Munthe era grande amico degli animali e prese spesso le loro difese, scrivendo articoli polemici e devolvendo parte delle sue entrate alla protezione animali. Nel suo testamento lasciò 100.000 corone alla protezione animali svedese per combattere la riduzione in cattività degli animali e per proteggere gli uccelli migratori. Durante la sua vita donò fondi alla scuola di specializzazione in veterinaria per la cura dei cani estoni e per gli amici dei piccoli volatili. Nel 1944 arrivò a pagare la tassa di proprietà sui cani per gli anziani indigenti di Stoccolma.

Era stato un cacciatore in gioventù, ma si oppose, più tardi, a tutte le forme di caccia praticata come passatempo. Considerava, invece, legittima la vivisezione sugli animali finché praticata con finalità scientifiche.

Condannava duramente i circhi itineranti. In “Lettere e schizzi” - Bref och skisser descrive accuratamente il loro funzionamento e le condizioni in cui vivevano gli animali.

Ci restituisce l’immagine dell’orso seduto in una gabbia talmente stretta da non permettergli di alzarsi. Rimane seduto con la parte superiore del corpo eretta e la sua testa dondola apaticamente avanti e indietro.

Descrive anche l’aquila reale, catturata da piccola, che, a tre anni di età, non sarebbe sopravvissuta a lungo, dato che tenuta in gabbia si lascia morire. Le descrizioni minuziose del comportamento degli animali e del loro stato emotivo in Bref och skisser, dimostrano la volontà Munthe di stimolare una presa di posizione del lettore contro la messa in cattività degli animali. Si rivolgeva direttamente al lettore e introduceva il racconto sottolineando che avrebbe descritto gli animali per il lettore.

L’appello diretto al lettore costituisce, a mio parere, un riuscito tentativo di Munthe ad attirare la compassione e l’attenzione del lettore.

Munthe ammise di avere lui stesso, da giovane, rinchiuso gli animali in gabbia, ma che tentava ora di rimediare, facendo del suo meglio. L’ammissione di colpa rafforza, a mio avviso, la credibilità dell’impegno di Munthe in favore degli animali.
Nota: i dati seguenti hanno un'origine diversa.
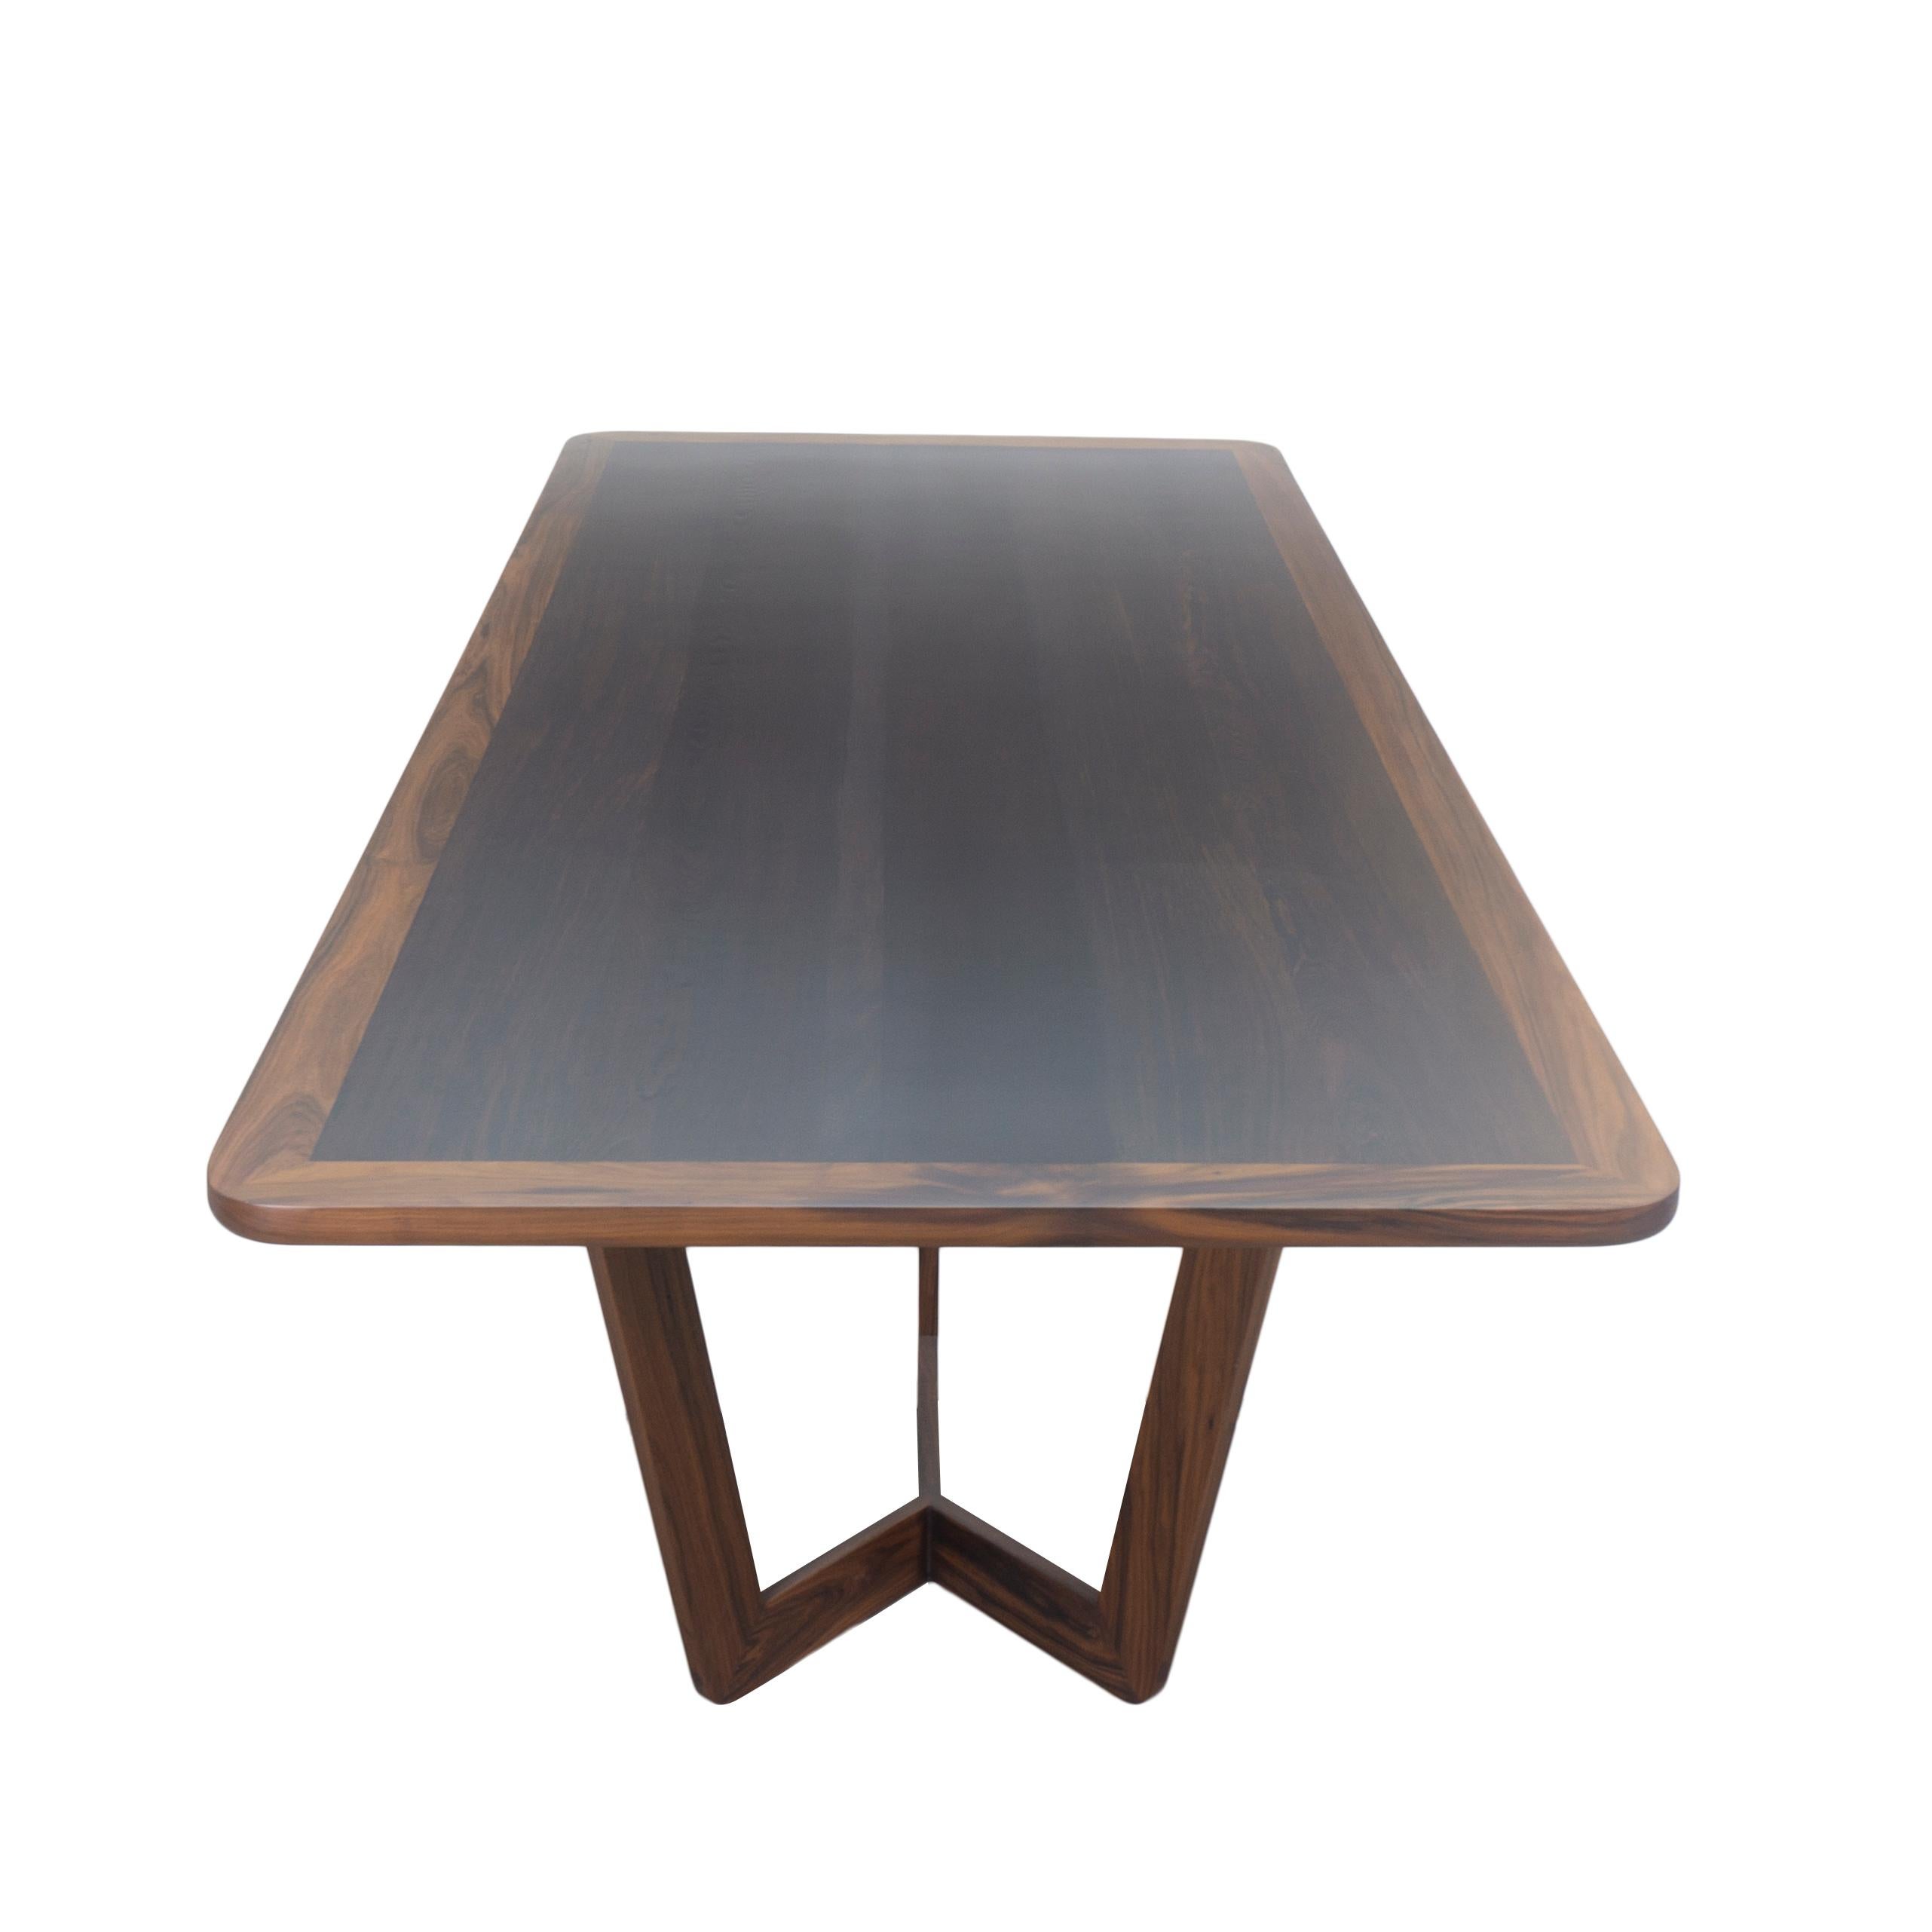 Contemporary Modern Wooden Dining Table For Sale

I cani, in particolar modo, erano cari al cuore di Munthe e durante un periodo a San Michele ne ebbe otto. Li riteneva gli esseri viventi sul piano morale più simili a noi e degni di essere amati. Andavano addestrati con pazienza e dando loro piccole ricompense e non bisognava mai usare violenza a un cane.

Credeva nella telepatia tra cani e uomini, sostenendo che il cane è in grado di leggere i pensieri del suo padrone.

Il più amato dei suoi cani fu un gran danese di nome Puck. Quanto profondamente fosse affezionato a Puck lo testimonio la scelta di Munthe di sostituire il proprio nome con Puck al momento di pubblicare alcuni articoli.

Puck morì durante un estenuante viaggio sulle Alpi in compagnia del suo padrone e il lutto fu profondo. Durante una scalata furono bloccati dalla neve; Puck rimase paralizzato e si spense tra le cure di alcuni monaci sul valico del Simplon,

Oltre Puck, Munthe possedeva, tra gli altri, un cane lappone, Tappio, un cane lupo, Gorm, un cane di nome Wolf, un foxterrier e il maremmano Barbarossa.

I cani non erano gli unici animali a San Michele. Erano presenti scimmie, tartarughe, una mangusta, un gatto siamese e una civetta. Munthe aveva trovato la piccola civetta nella campagna romana con un’ala ferita da un colpo di arma da fuoco.

Curò la civetta e, quando l’ala fu guarita, voleva lasciarla libera, ma questa ritornò e lui la tenne come animale domestico e la portò con se sulla nave che lo riportava a casa, a Villa San Michele.
La civetta si affezionò profondamente a Munthe e non voleva mai allontanarsi da lui.

Con il minuscolo becco gli picchettava dolcemente le labbra in segno di devozione.

Sulla nave per Capri, erano con lui, anche la scimmia Billy e una mangusta, altro animale domestico di Munthe.

La scimmia Billy, come veniamo a sapere dallo stesso Munthe, gli era stata affidata nell’imminenza di un viaggio da un altro medico di Roma. Questi non fece mai ritorno e la scimmia rimase con Munthe.

Billy era un babbuino molto dispettoso, che rendeva la vita difficile agli ospiti di San Michele e agli altri animali della villa.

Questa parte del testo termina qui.